I sat alongside Mayor Reed yesterday at the United Nations building in New York assessing the way forward for cities and our developing need to offer solutions to our citizens in our world today.

In my contribution to the debate I explained that the current and growing challenges of the failures of democratic legitimacy, the challenge of climate change, the marginalisation of communities and the growth of inequality cannot be solved by the current model of government built on the nation state. Steve Crawshaw, Director of the Office of the Secretary General of Amnesty International put it this way: “we are living with the failure of national government and governance”.

I argued that we must have a re-balancing of sovereignty, with cities having more powers and flexibility and for access to the benefit of our own economic growth.

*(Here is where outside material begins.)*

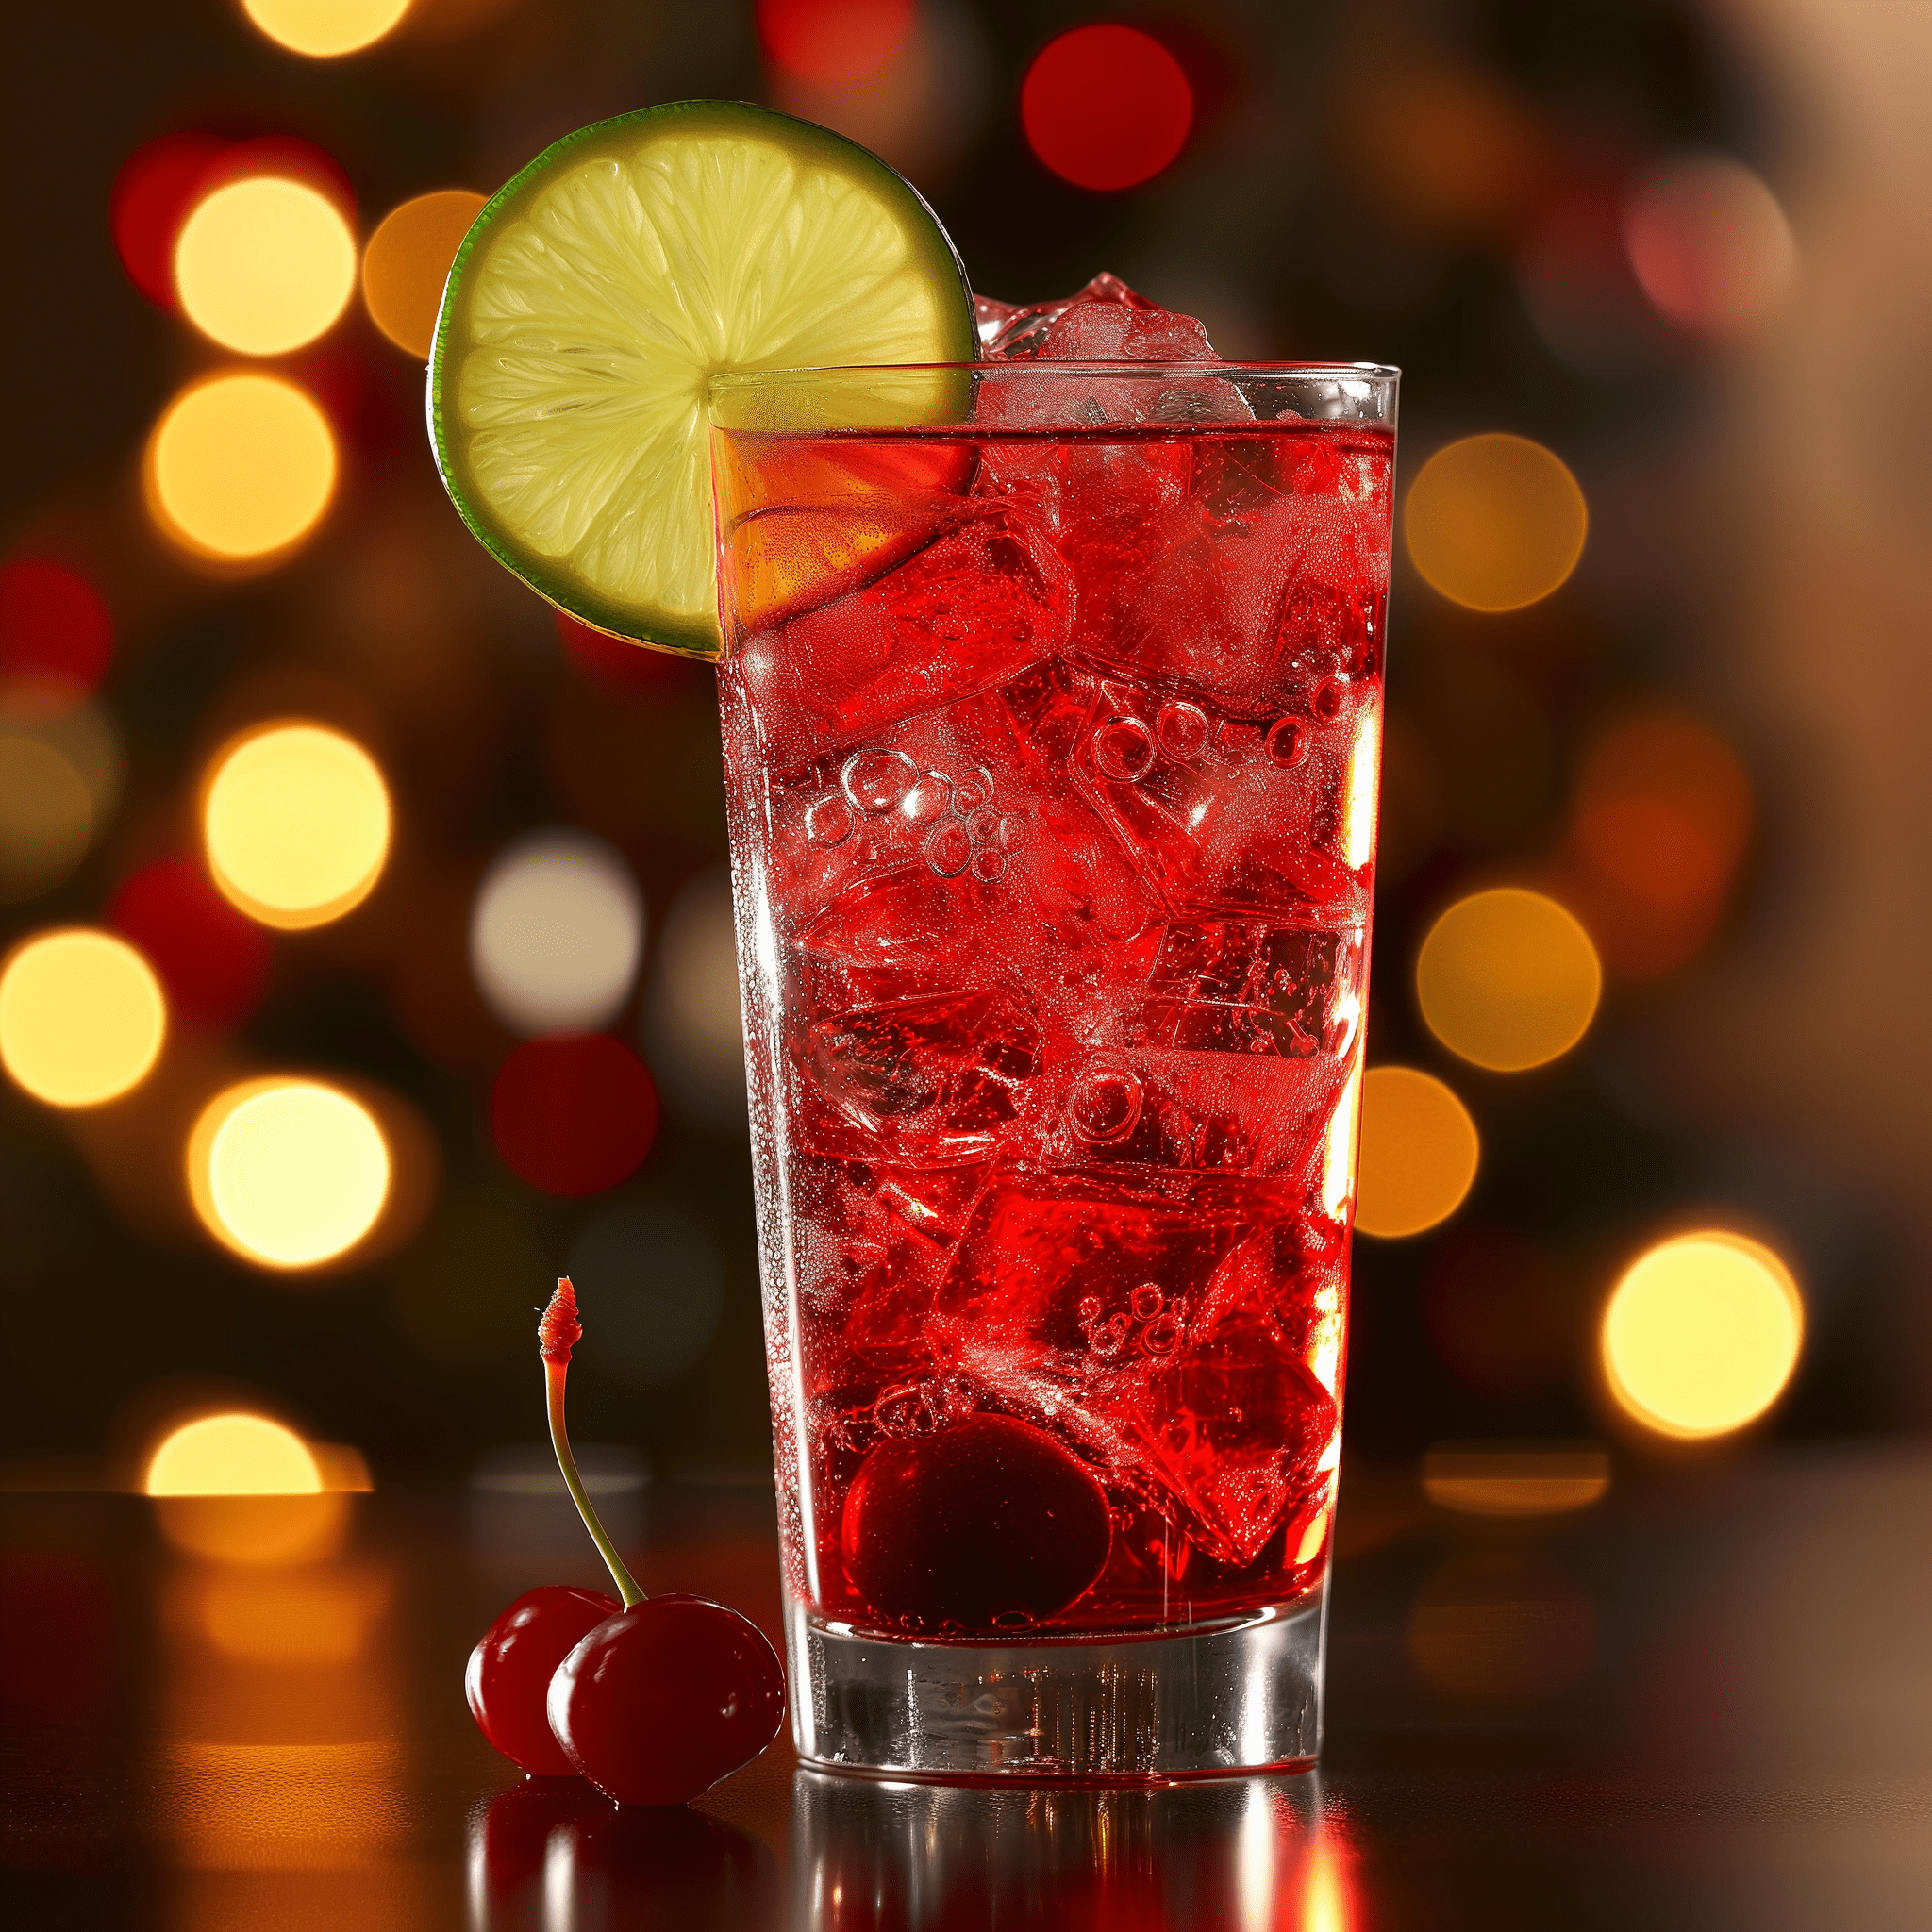 Shirley Temple Mocktail Recipe - The Shirley Temple Mocktail is sweet and bubbly with a hint of citrus from the lime juice. It's a refreshing drink with a vibrant red hue that comes from the grenadine.

We need the power to shape both what happens within our boundaries and the national and international context within which we live.

The Mayor of New York invited Mayors and City Representatives from around the world to look at modern challenges and identify progressive solutions to the impact of migration and refugees on their cities.

The Global Mayors summit aims to bring cities together to work towards global solutions to global challenges that will have city outcomes. As well as the Mayor of New York, it is supported by the International Peace Institute and the Open Society Foundation.

One of the themes of the first morning was integration of migrants, the vast majority of whom flee to cites, from cities and then return to cities. Mayor Reed described Atlanta as “a city that was too busy to hate”. I hope we can describe Bristol in the same way.